🤖 AI Summary
Traditional simultaneous machine translation (SiMT) struggles to balance translation quality and low latency under strict real-time constraints; incremental READ/WRITE strategies alone suffer from an inherent trade-off between semantic fidelity and responsiveness. This paper proposes a human-like simultaneous interpreting framework that, for the first time, introduces four adaptive actions—segmentation, deletion, partial summarization, and pronominalization—into the SiMT action space, enabling joint optimization of semantic compression and rhythmic control. Leveraging a decoder-only large language model, we design action-aware prompting to construct training data and establish a latency-aware text-to-speech (TTS) evaluation pipeline. On the ACL60/60 English–Chinese and English–German benchmarks, our method achieves significant improvements in COMET-KIWI scores while reducing average latency, consistently outperforming all existing baselines.
📝 Abstract
Simultaneous Machine Translation (SiMT) requires high-quality translations under strict real-time constraints, which traditional encoder-decoder policies with only READ/WRITE actions cannot fully address. We extend the action space of SiMT with four adaptive actions: SENTENCE_CUT, DROP, PARTIAL_SUMMARIZATION and PRONOMINALIZATION, which enable real-time restructuring, omission, and simplification while preserving semantic fidelity. We implement these actions in a decoder-only large language model (LLM) framework and construct training references through action-aware prompting. To evaluate both quality and latency, we further develop a latency-aware TTS pipeline that maps textual outputs to speech with realistic timing.
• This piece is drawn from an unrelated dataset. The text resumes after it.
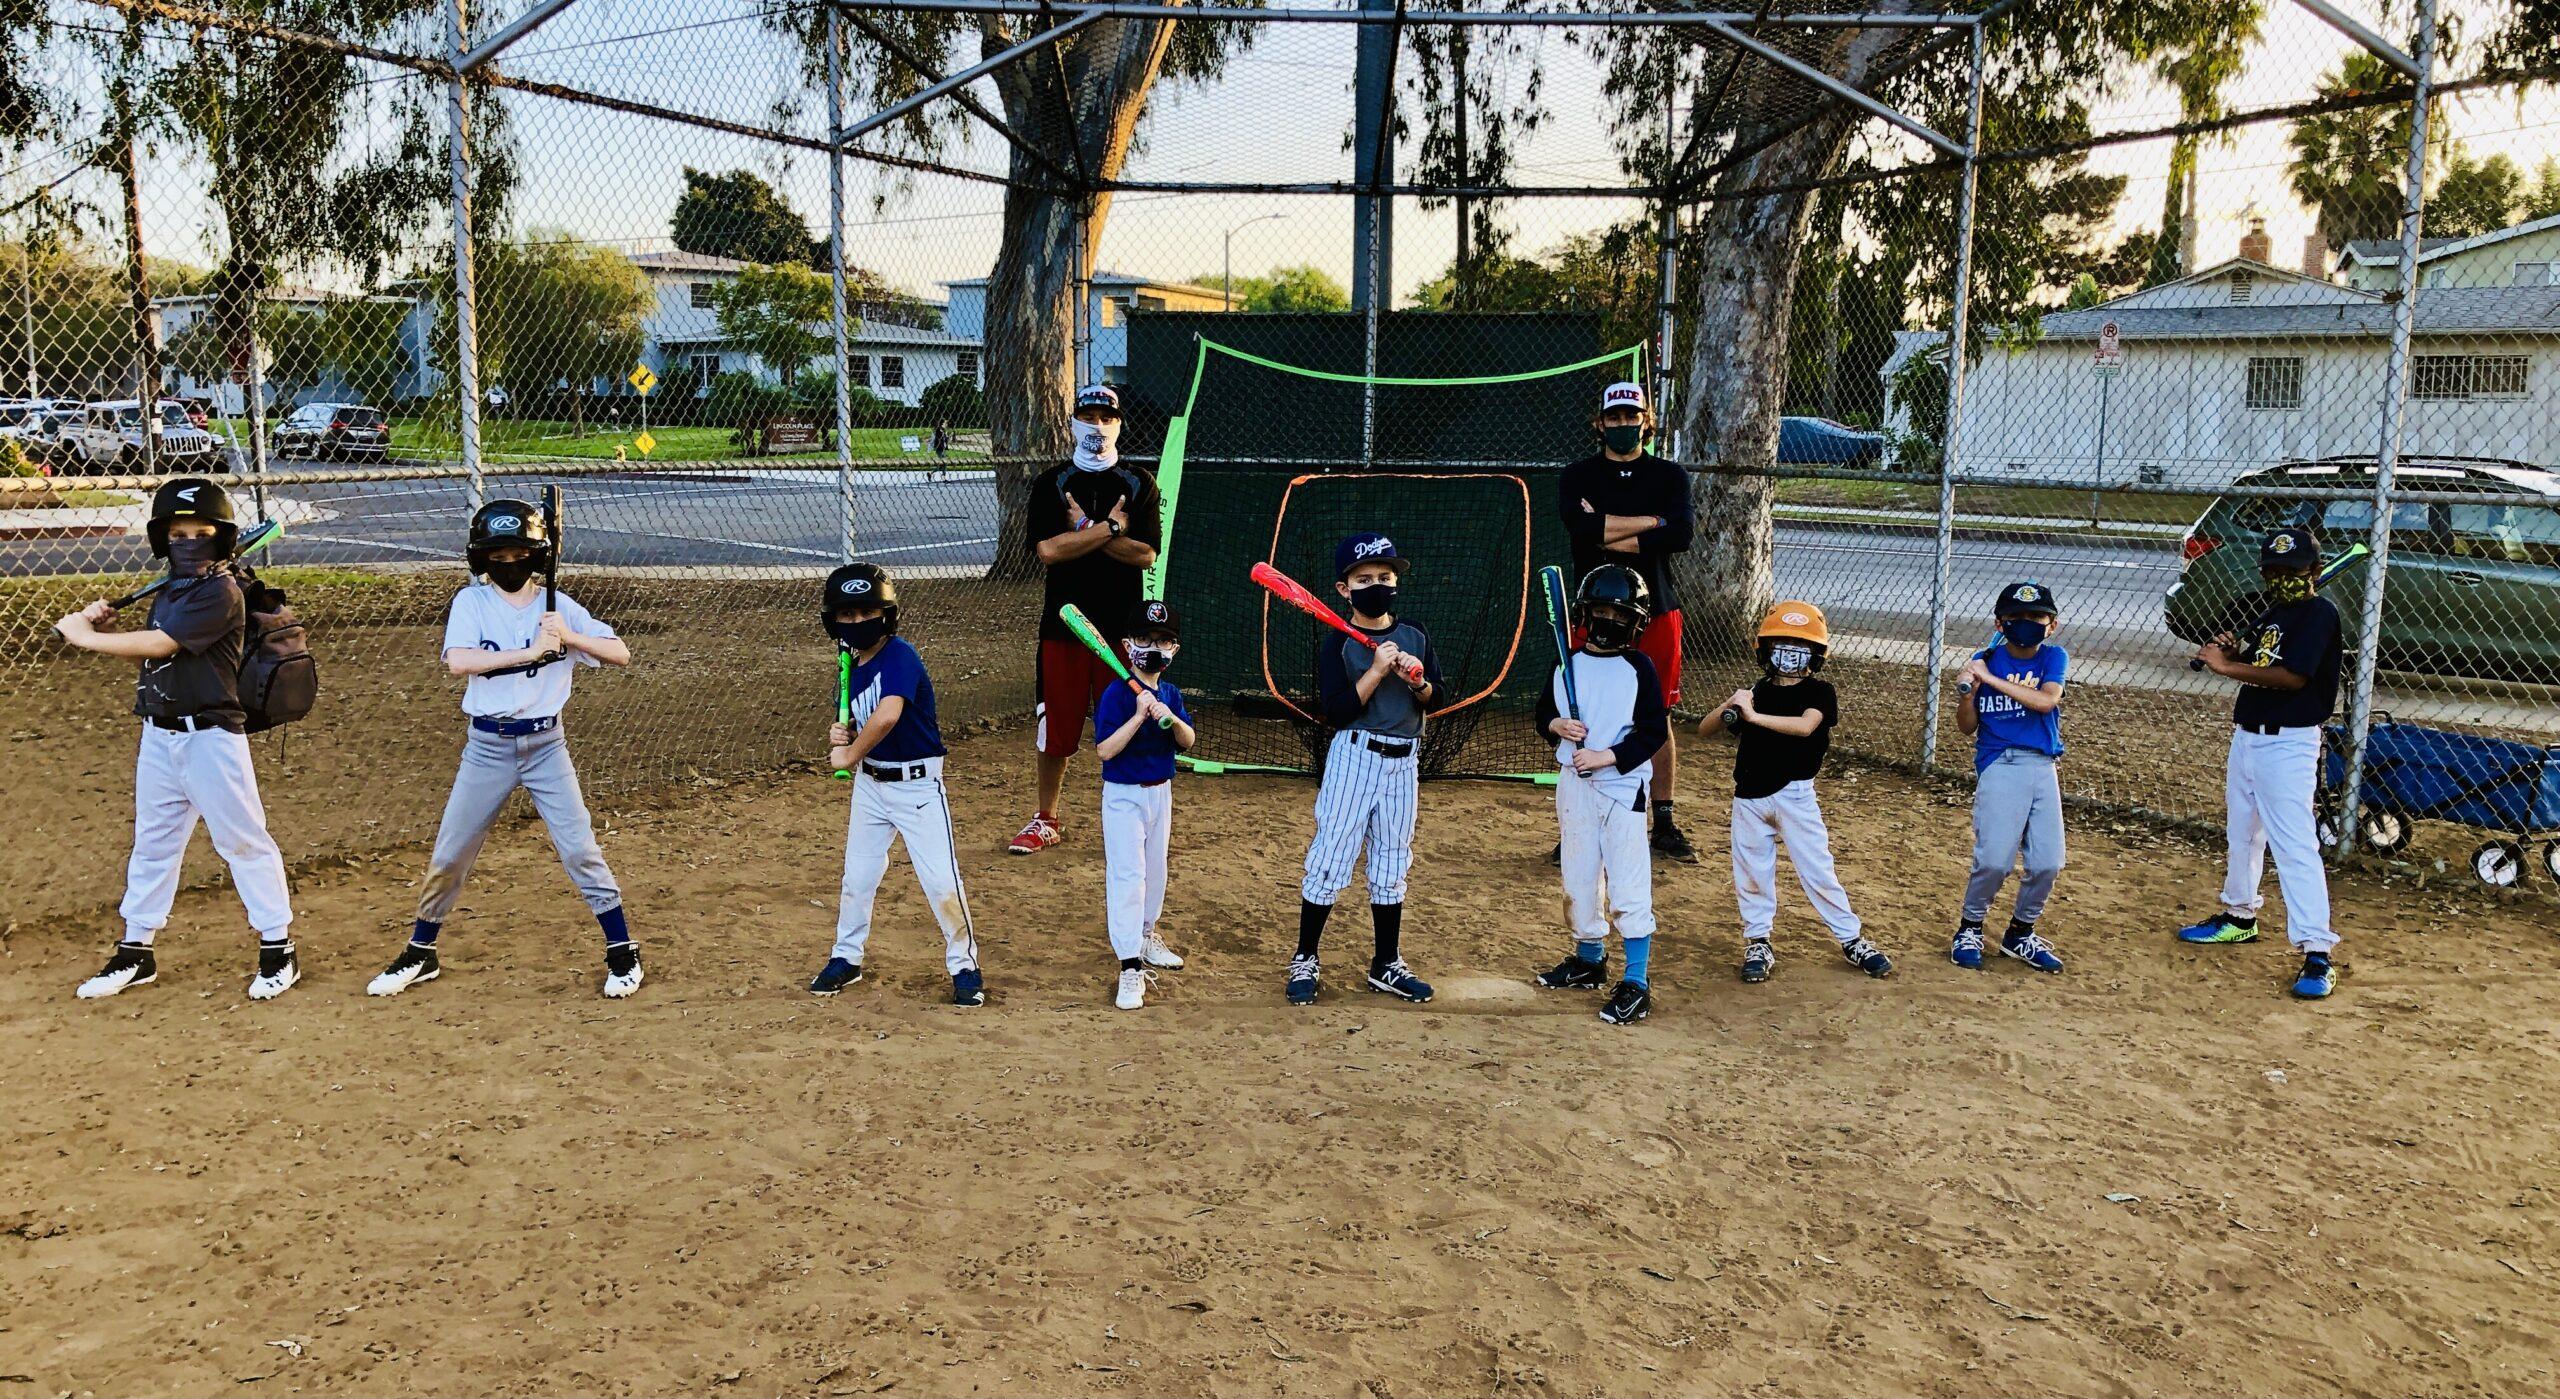 Hustle Ball in Santa Monica

Experiments on the ACL60/60 English-Chinese and English-German benchmarks show that our framework consistently improves semantic metrics (e.g., COMET-KIWI) and achieves lower delay (measured by Average Lagging) compared to reference translations and salami-based baselines. Notably, combining DROP and SENTENCE_CUT yields the best overall balance between fluency and latency. These results demonstrate that enriching the action space of LLM-based SiMT provides a promising direction for bridging the gap between human and machine interpretation.